Quote: One thing is for sure. Anyuisky male tigers didn't grow into monsters by hunting monster brown bears and monster wild boars in times of need. Like most of us, they responded with budget cuts and trips to greener pastures.

[brobear]

Quote: Do tigers in Bolshekhtsirsky behave in a similar way as the monster tigers in Anyuisky when faced wih pressure? The answer is they don't. At least, females with cubs don't. That is to say, 'Zlata' didn't. In the 2022 winter, Gotvansky and inspector Lukin found prints of large wild boars. All of them were left by adults. The tigress, without her cubs, followed them. She killed one and waited for her cubs. The reports I read suggest her previous litter also made it to independance.

*Conclusion: Contrary to popular belief, the mother tigress as well as the mother she-bear can show more raw courage than the males of their perspective species.

[OldGreenGrolar]

/\ Any animals defending cubs will be more aggressive than usual.

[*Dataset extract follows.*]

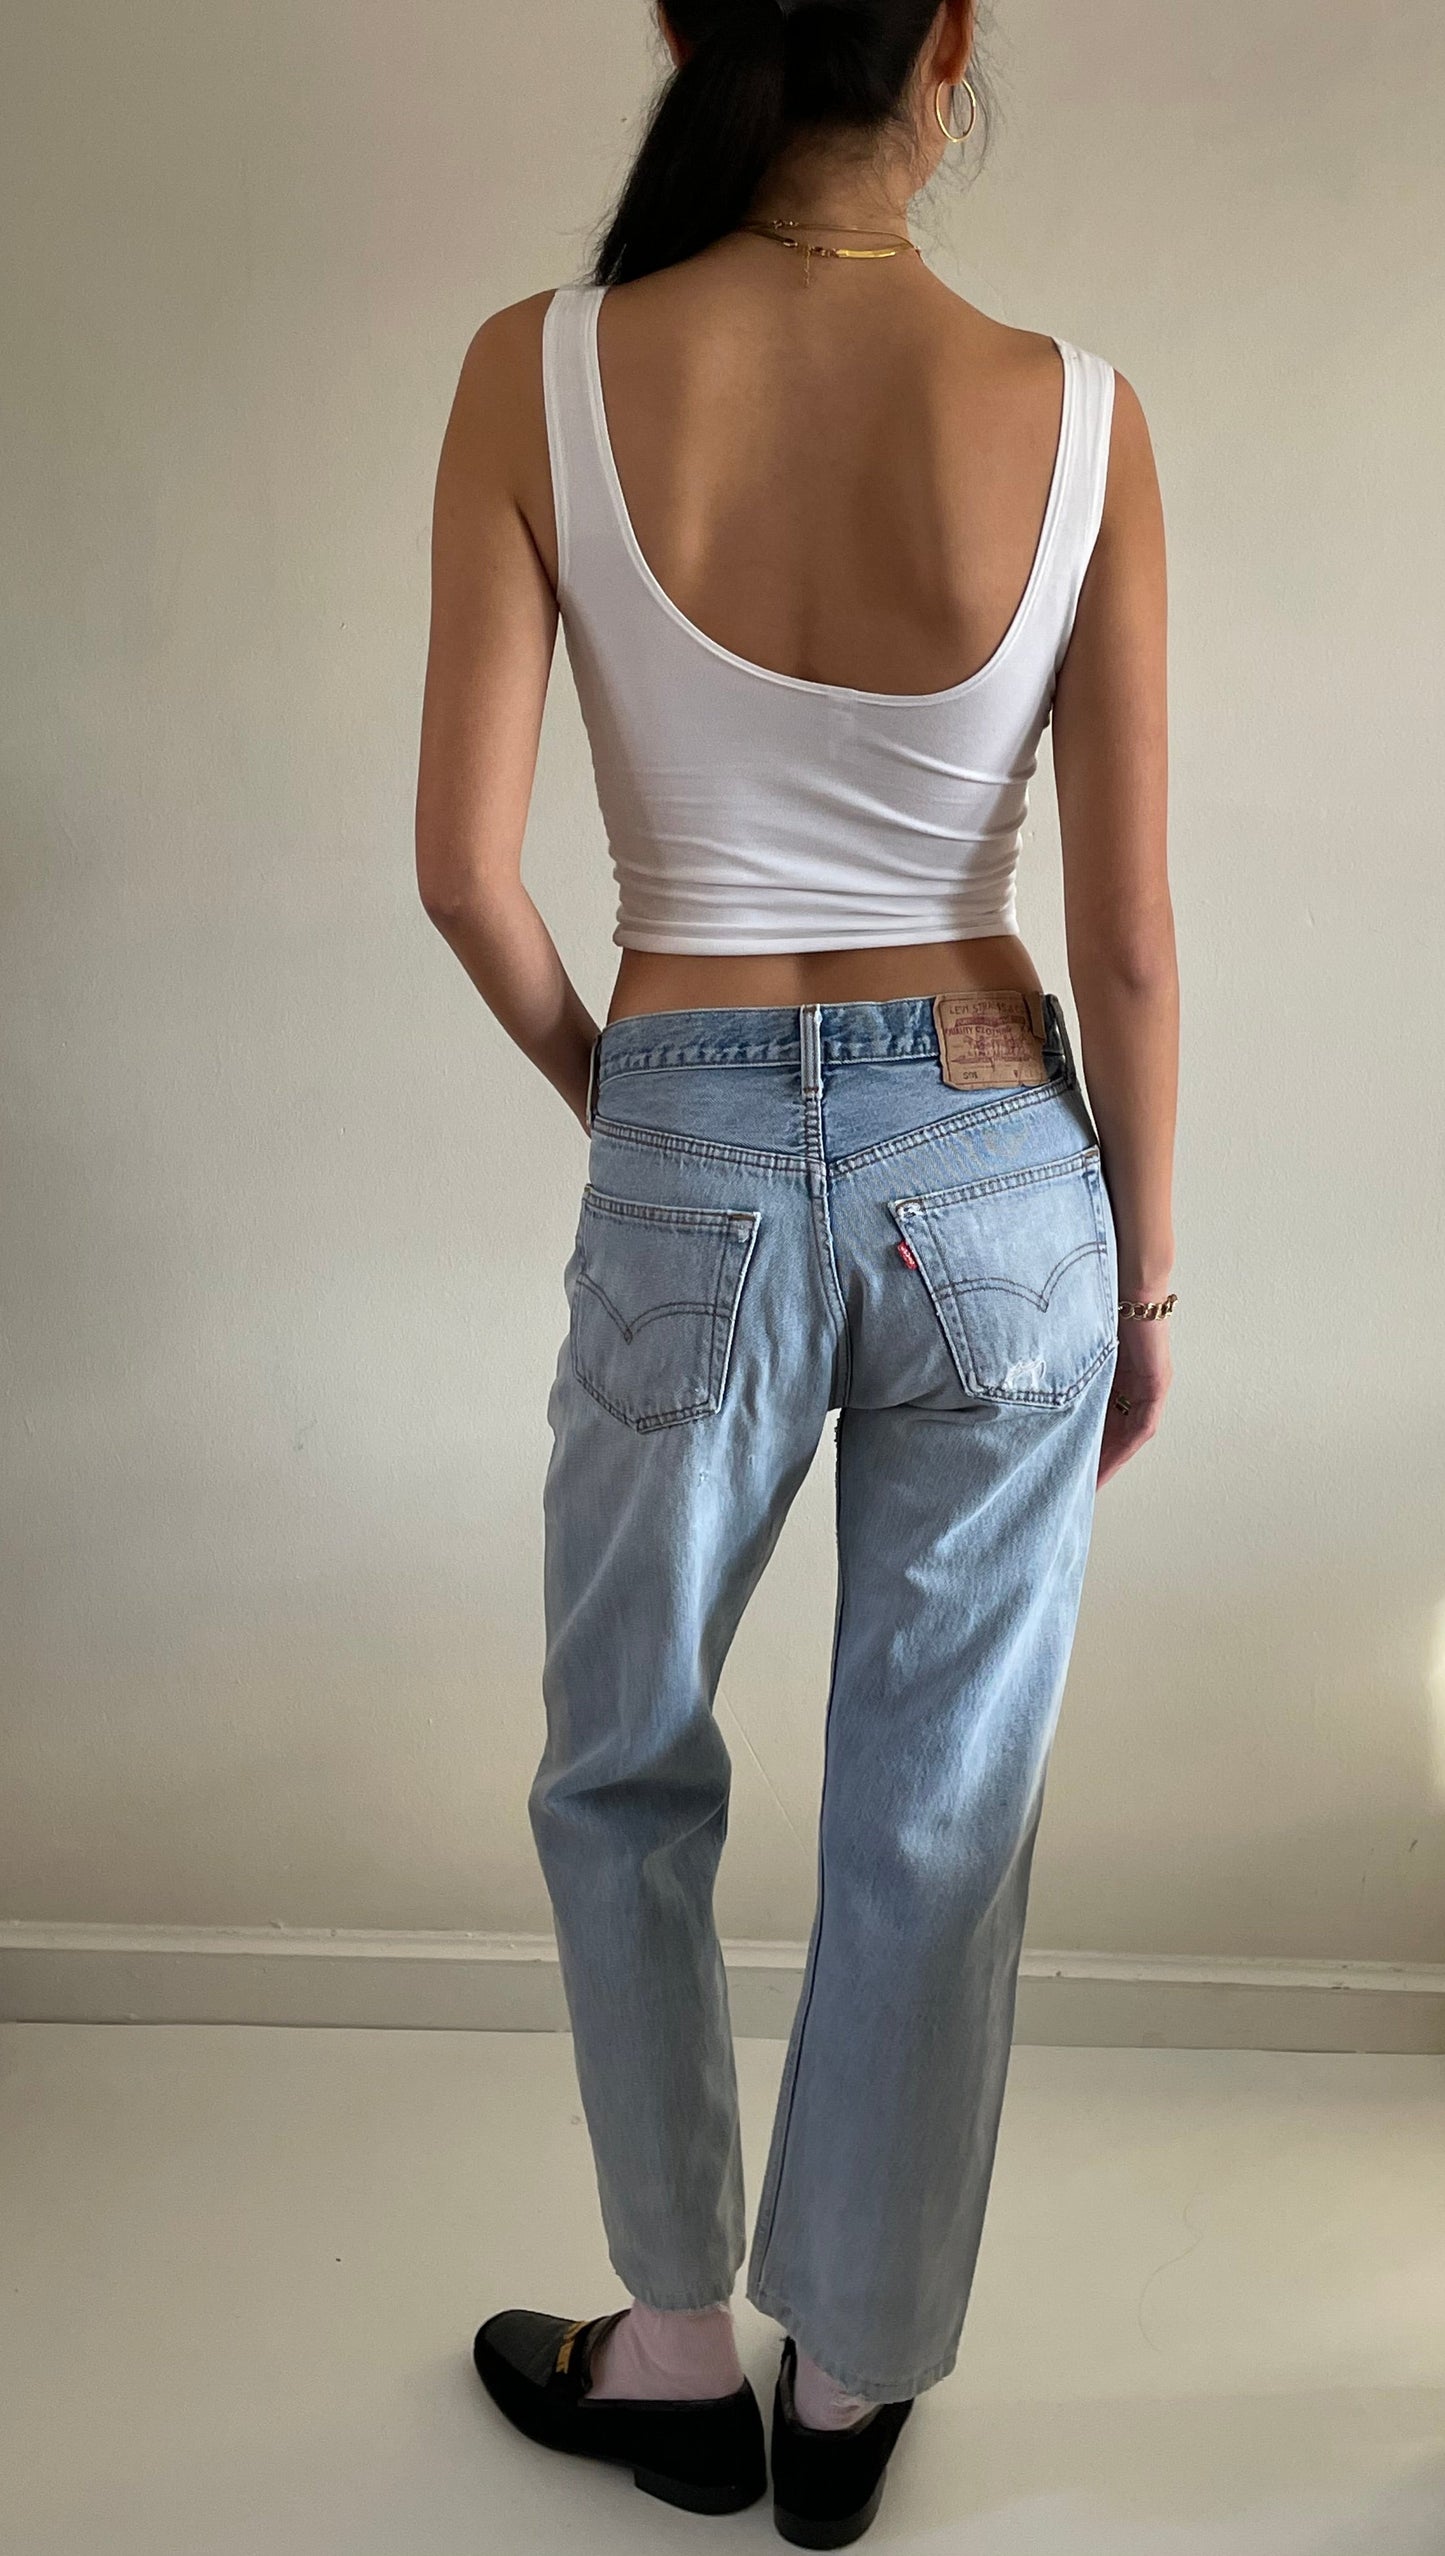 30 vintage Levis 501 button fly boyfriend slouchy faded light wash jeans / size 30
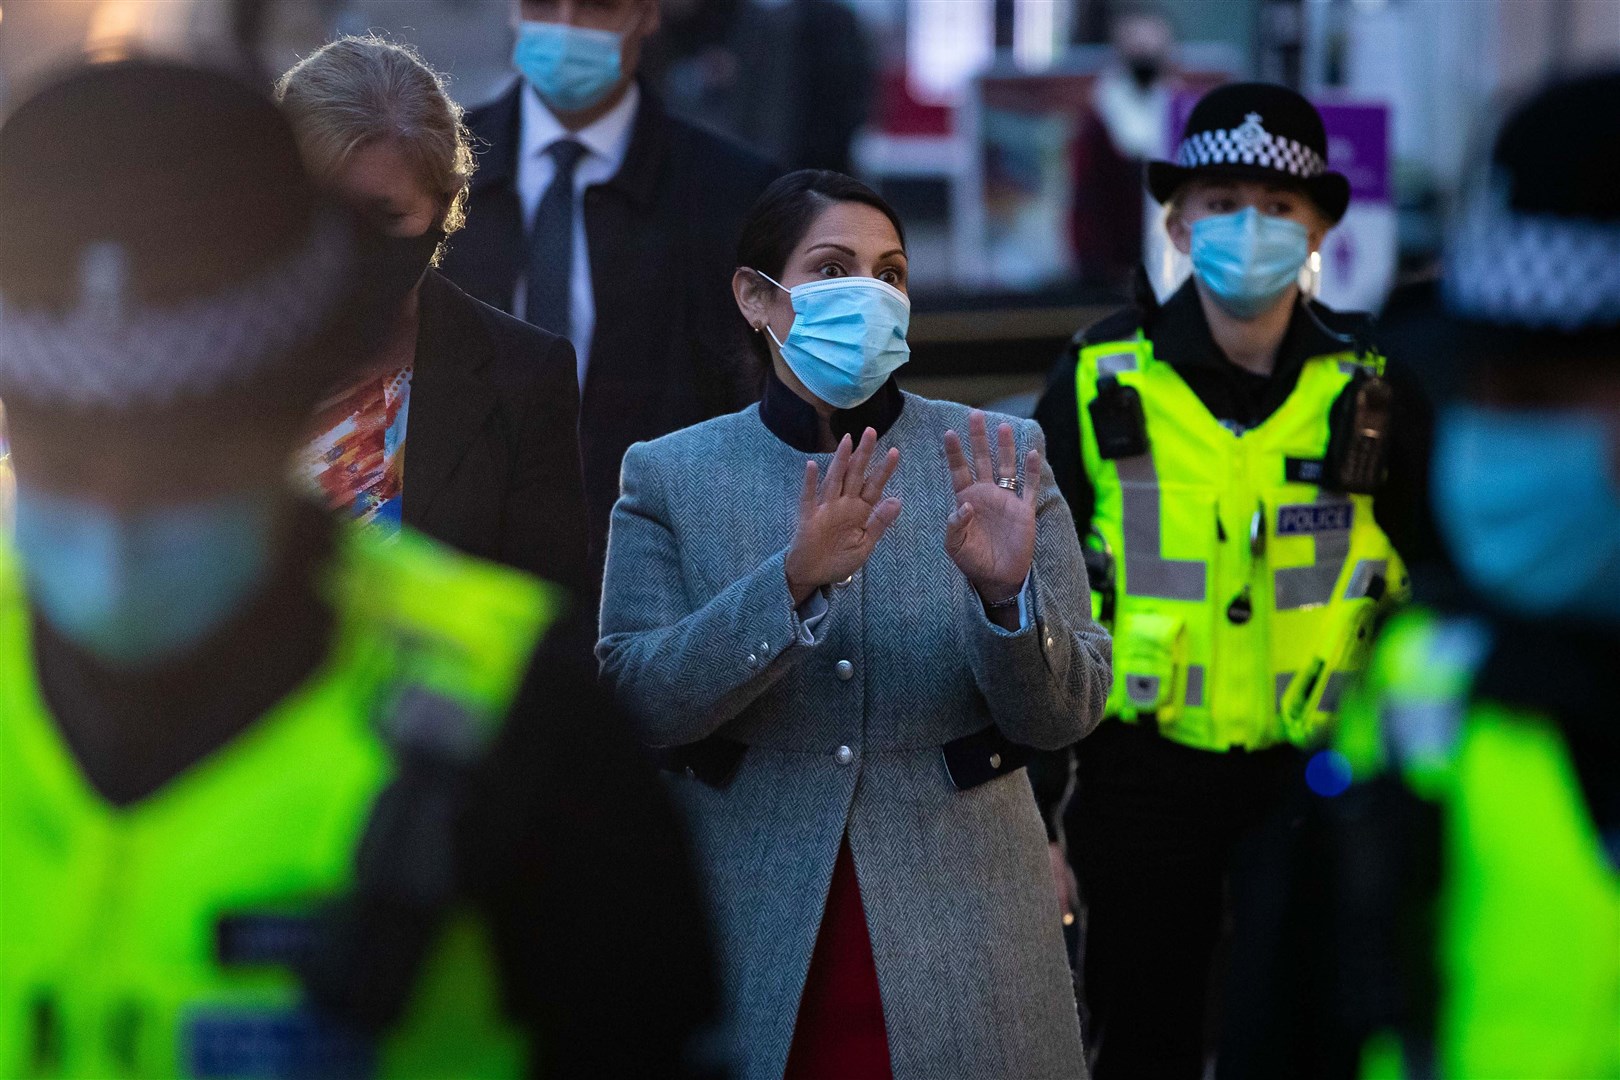 Home Secretary Priti Patel during a foot patrol with new police recruits (Aaron Chown/PA)

They are protecting another life other than their own.


Prey in the Russian Tiaga can be hard to find at certain seasons.

[brobear]

Bears chosen by tigers as potential prey:

1- sloth bear:
Sri Lankan sloth bear - sow: 128 pounds.
Sri Lankan sloth bear - boar: 165 pounds.
Indian sloth bear - sow: 165 pounds
Indian sloth bear - boar: 242 pounds.

2- Ussuri black bear: 
Asiatic black bear - sow: 157 pounds.

Asiatic black bear - boar: 270 pounds. 
Ussuri black bear - max: 440 pounds. 
 
3- Adolescent Ussuri brown bear: 300 pounds. 
4- Female Ussuri brown bear:  415 pounds. 
 
*Note: there is no confirmed case of a tiger ever ambushing a bear as heavy or heavier than himself.